El Concorde received its upfront payment but initiated no work, likely because Arsel did not complete its own earlier phases, preventing El Concorde’s work from commencing.

In response to The Sentry’s questions, a senior Benaa wa Tashyeed official declined to comment on the Derna dams but acknowledged the enterprise’s general lack of capabilities.

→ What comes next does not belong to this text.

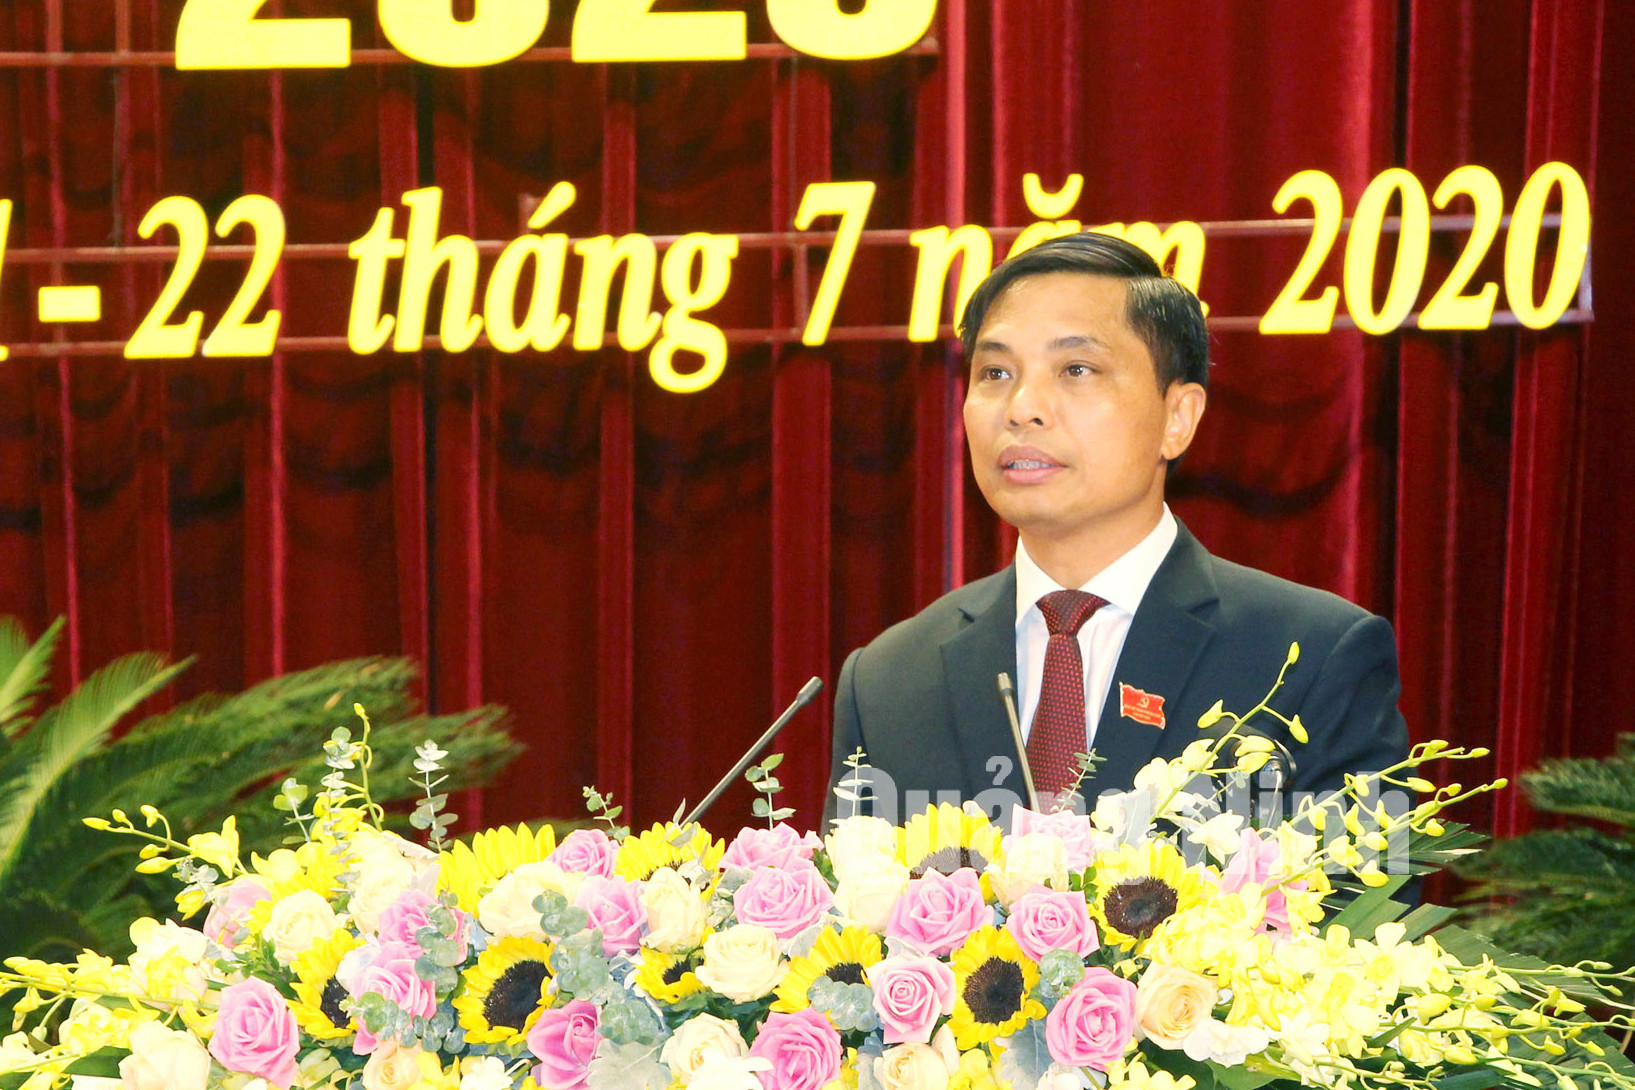 Đồng chí Vũ Văn Diện, Bí thư Thành ủy Hạ Long trình bày báo cáo chính trị tại đại hội (7-2020). Ảnh: Thu Chung

For large infrastructure projects, a consultancy is typically hired at the outset to validate contractors’ milestones throughout. For Derna’s dams, however, this crucial step was delayed until 2010, when the GWA hired Italian consultancy IRD. This delay suggests that the relevant Libyan decision-makers had been in a rush to funnel the upfront payment to Arsel before even making sure that all the necessary components for physical implementation were in place.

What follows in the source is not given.